Le président suppléant (M. Knutson): Si vous hésitez à nous donner une opinion, une simple opinion basée sur les meilleures données disponibles, à qui devrions-nous nous adresser, au gouvernement fédéral, à propos du saumon rouge du Fraser?

M. Doubleday: La question n'est pas tant de savoir comment le poisson réagirait aux changements climatiques, mais plutôt si ces changements climatiques auront lieu. Les recherches sur le climat sont coordonnées par le ministère de l'Environnement, le Service de l'environnement atmosphérique et il serait donc peut-être souhaitable de demander à quelqu'un de ce ministère de vous parler de la probabilité des changements climatiques et de leurs effets potentiels sur la faune et la flore.

Le président suppléant (M. Knutson): Une dernière question. Au moment où je vous parle, êtes-vous optimiste au sujet des stocks de morue?

M. Doubleday: Oui. Nous avons procédé à une pêche indicatrice dans les régions visées par le moratoire, depuis deux ou trois ans, et dans tous les secteurs, on constate certains signes d'amélioration.

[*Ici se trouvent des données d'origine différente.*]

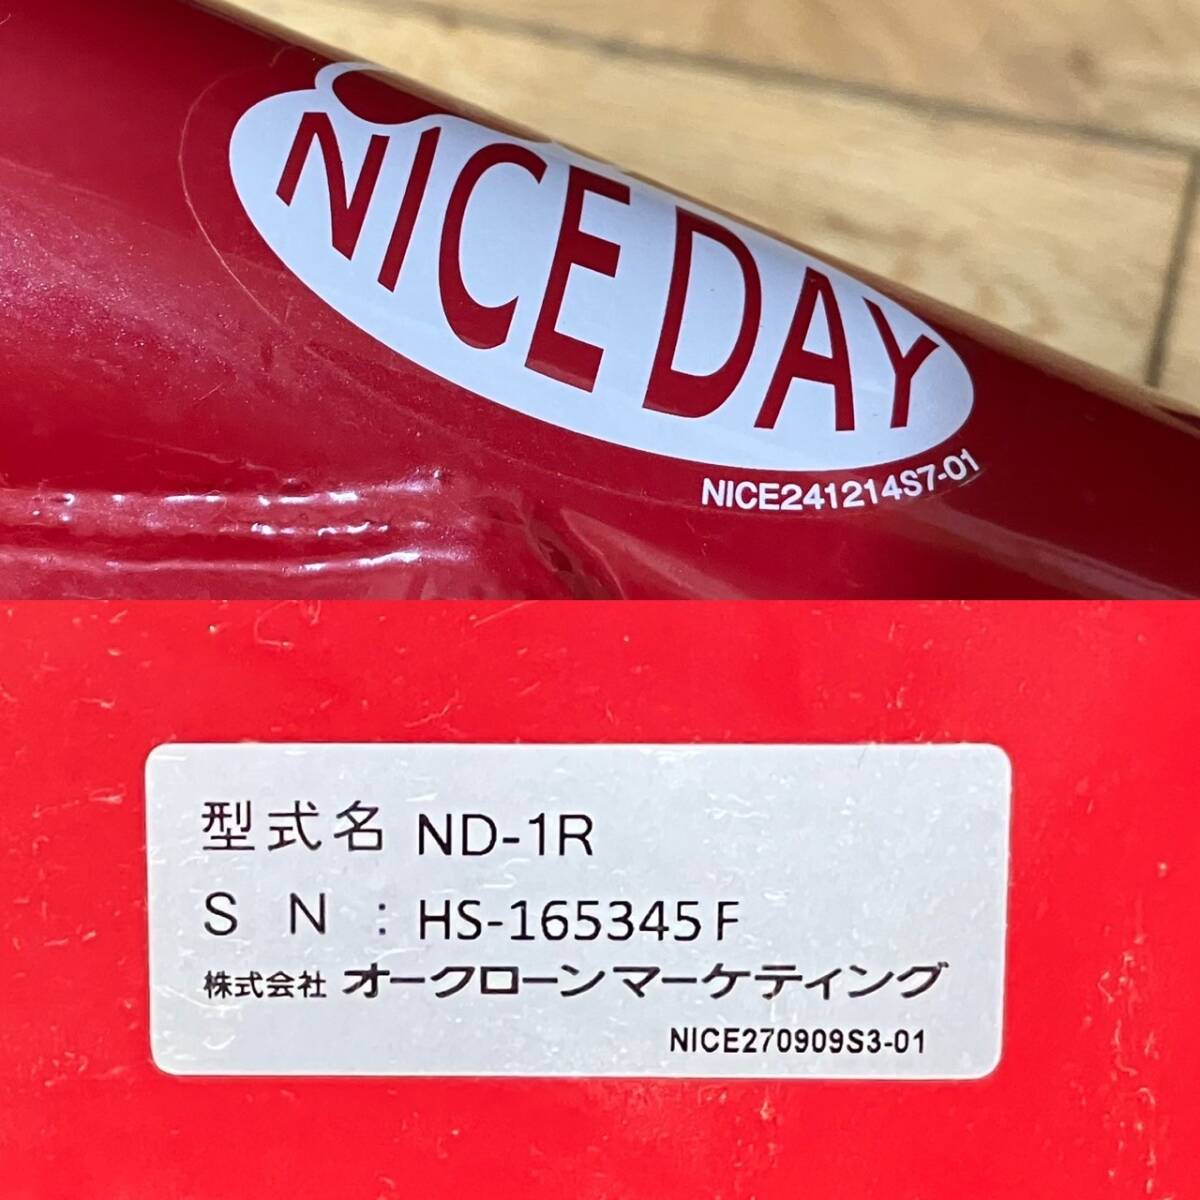 4923-1A NICEDAY ナイスデイ 健康ステッパー ND-1R NICE241214S7-01 赤 レッド 踏み台 運動 室内エクササイズ 有酸素運動の画像8

En général, si l'on prend la pêche indicatrice, plus les relevés faits par nos navires de recherche, le déclin des stocks semble terminé. Dans tous les cas, l'état de la morue s'est amélioré par rapport à son état déplorable de 1992. Dans la plupart des cas, la croissance commence à reprendre. Les stocks croissent plus normalement. Ils ne sont plus aussi rachitiques qu'au début des années 1990. Dans certains cas, nous commençons à constater l'arrivée de nouvelles recrues, dont l'abondance se rapproche davantage de ce qu'elle était, mais ce n'est pas partout.

Notre conclusion générale est que le déclin a cessé, mais que la reprise a à peine commencé. Nous ne pouvons pas dire que le problème est réglé, mais le déclin nous paraît stoppé.

Le président suppléant (M. Knutson): Nous sommes arrivés au creux de la vague.

M. Doubleday: Oui.

Le président suppléant (M. Knutson): Je tiens à vous remercier infiniment d'avoir pris le temps de venir aujourd'hui. Nous vous entendrons peut-être de nouveau à propos d'autres questions.

M. Doubleday: C'est toujours un plaisir, monsieur le président. Merci.

Le président suppléant (M. Knutson): La séance est levée.